Rice pudding:  This is one of the most common desserts in Egypt and during Ramadan, when food is nothing but indulgent, it is eaten nearly everyday. There are a few different ways to make it depending on which family you ask. Recipe books are not common place in Egyptian households.  Instead recipes are passed down though families.  They are generally the same but there are small variations depending on the family you ask.


The way explained below is how my father’s wife’s family prepares it.


The BEST thing about Egyptian rice pudding is that unlike its western sisters you don’t have to use short grain rice. Though I recommend using Egyptian short grain rice you can just use whatever rice is in your cupboard and that you usually have hanging around for when you make any savoury dish.




·         200g Rice

·         1 ¼ Litre (2 pints) of Milk

·         285ml (½ pint) Water

·         150g Sugar (yes Egyptians have a sweet tooth ….that is If they have any left)

·         1-3 teaspoons of Cornflower (if needed)

·         At least two of the following to garnish: Traditional: dry coconut (a must in my eyes), sultanas, raisins, crushed pistachios, cinnamon, or honey. Or try some modern alternatives such as dried cranberries, maple syrup, fresh mango/papaya/pineapple/kiwi…….



Add the water and rice to a saucepan.

Bring it to boil and then allow it to simmer. 

When the water has almost gone the rice should be half cooked and starting to go soft, if not add some more water and repeat.

Once the rice is half cooked, add the milk and bring to the boil.

Break up and stir the rice while it cooks  a further 10min.

Then check if the rice is fully cooked, if not allow it to simmer for a further 5min and check again (adding more milk IF NEEDED).
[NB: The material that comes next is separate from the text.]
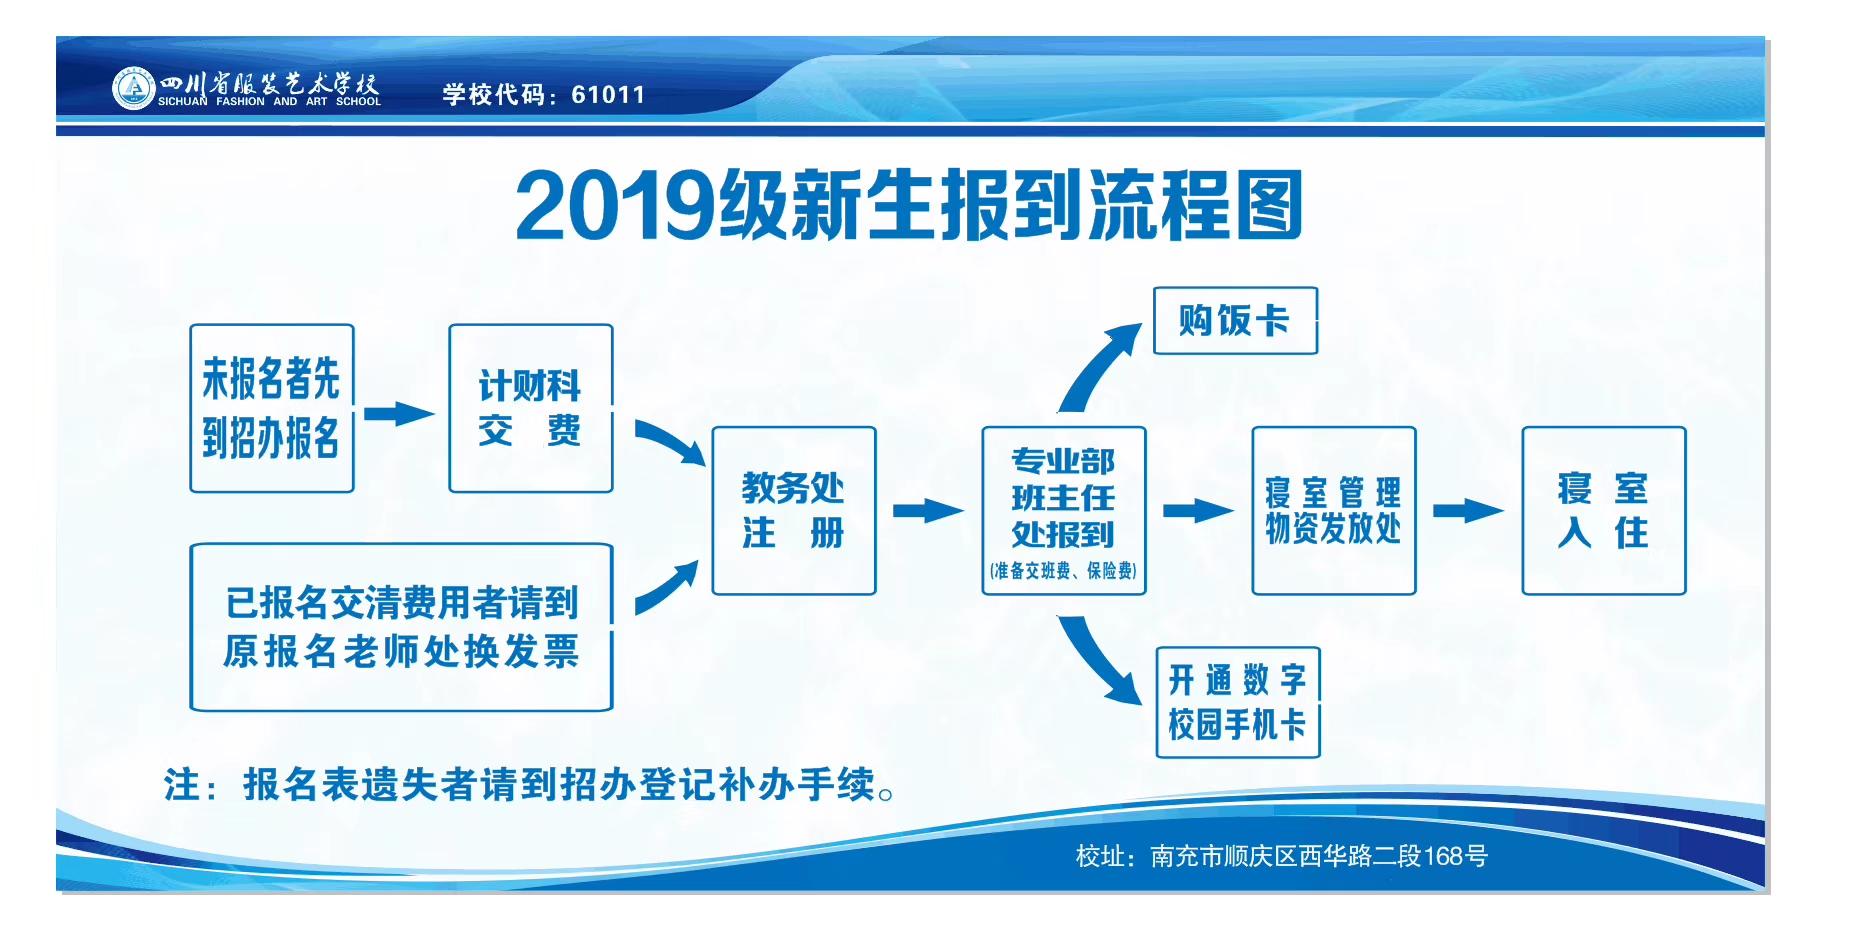 同学请留意!四川省服装艺术学校2019年新生报到流程出炉

Once the rice is cooked add the sugar.

TIP: my tip is to first liquidise the dry sugar, this gives it a caster sugar consistency and allows it to dissolve into the milk quicker.
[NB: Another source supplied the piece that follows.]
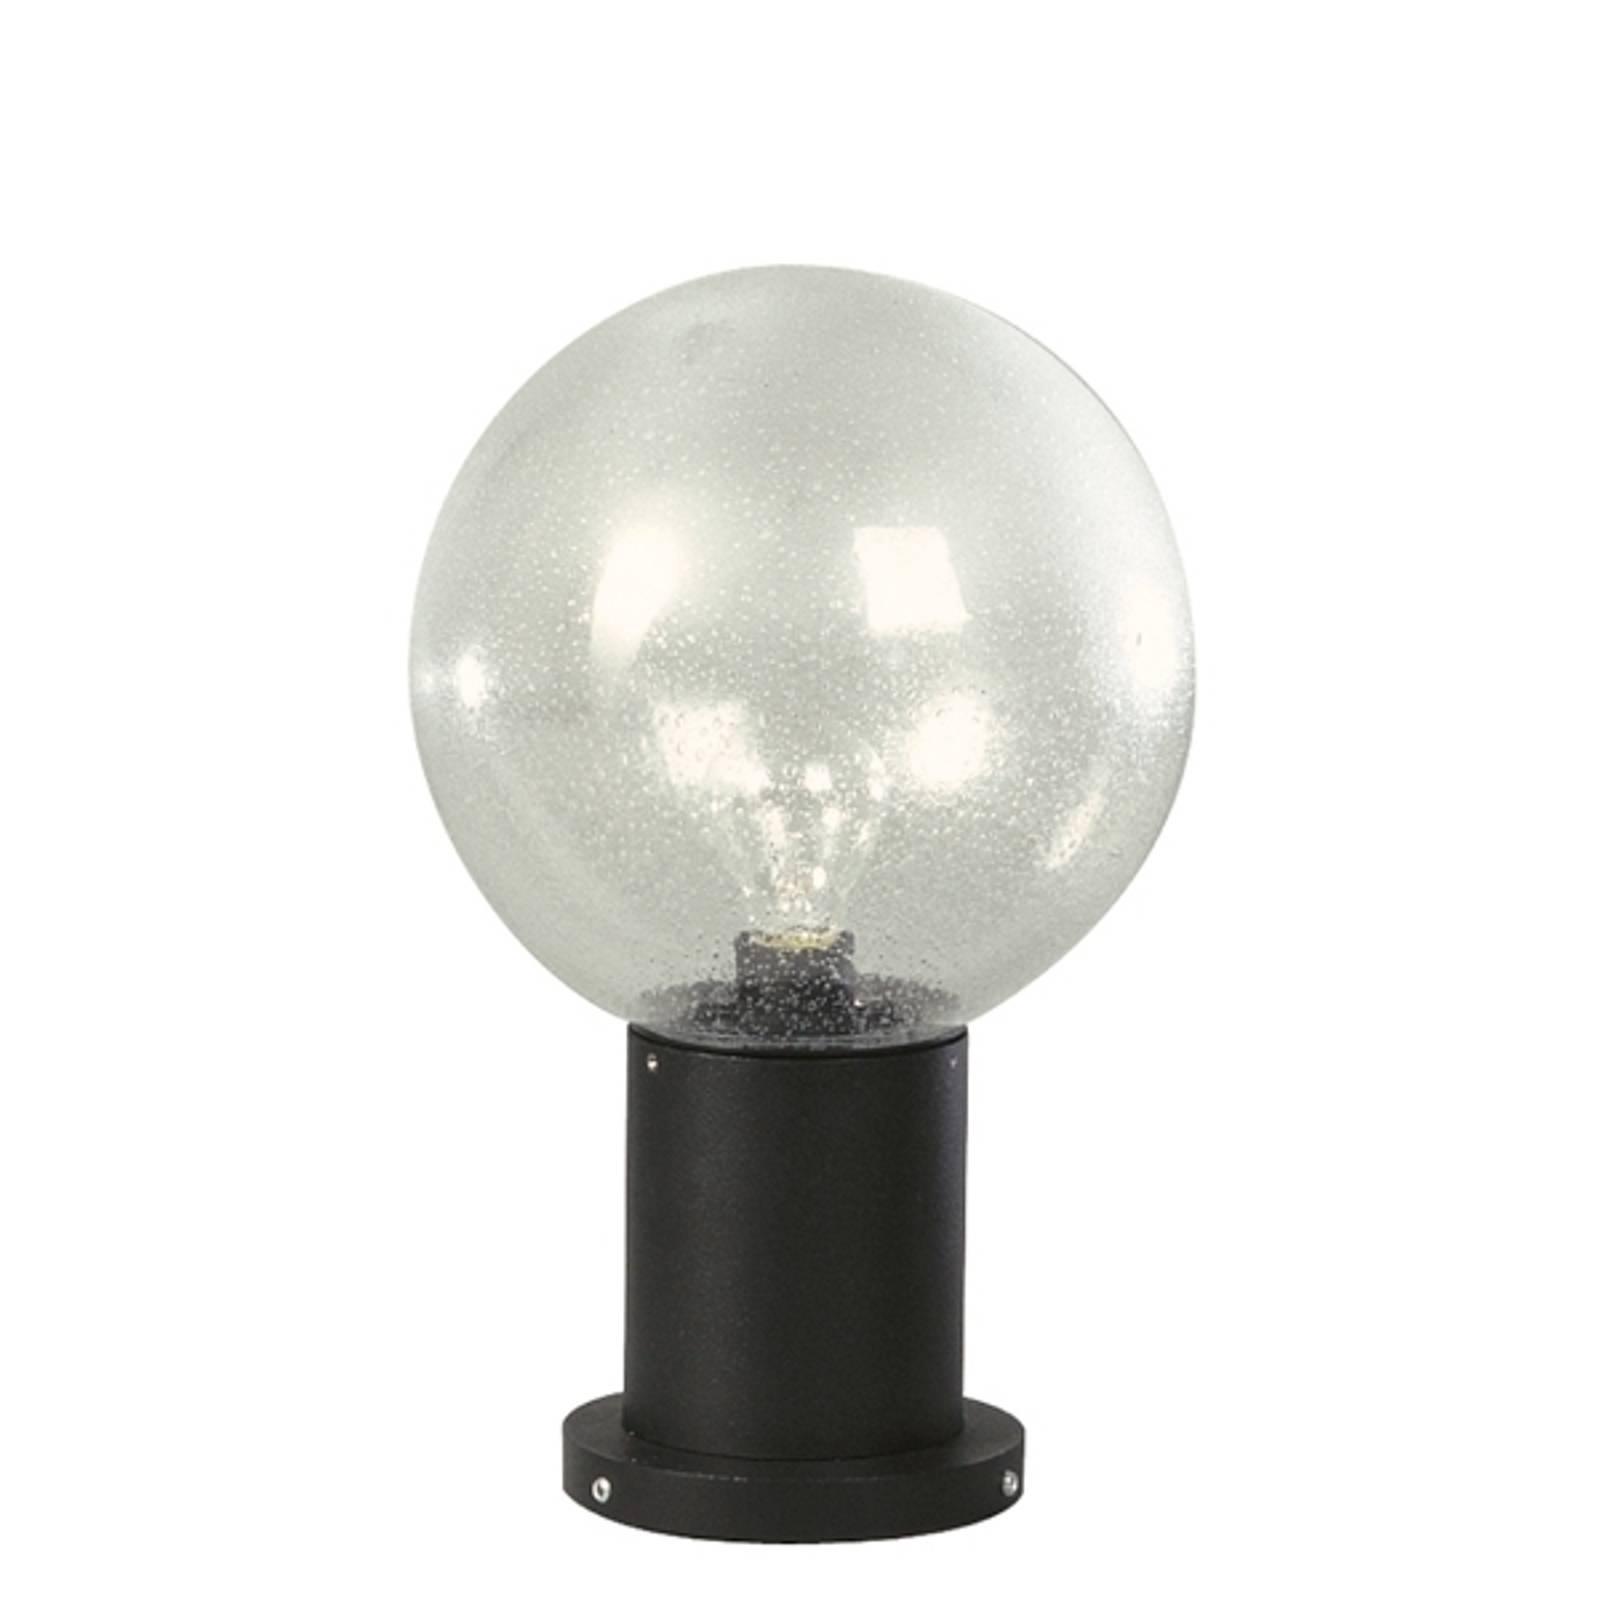 Luminaire pour socle II noir en verre à bulles

Gently stir to ensure the sugar dissolves.

At this point leave the rice to simmer for a f minute to let the rice absorb the sugar taste.

If the rice is still really moist then stir in a teaspoon of cornflower so it gives a thick gluey consistency (you may need to add more cornflower or none at all).

Once the mixture has a thickened consistency and the rice has cooked through, dispense it in to individual bowls. 

Allow  it to cool so it is at a suitable temperature for putting in the fridge to cool.

Serve cold with the toppings of your choice. and a splash of milk. Mmmmmmmm!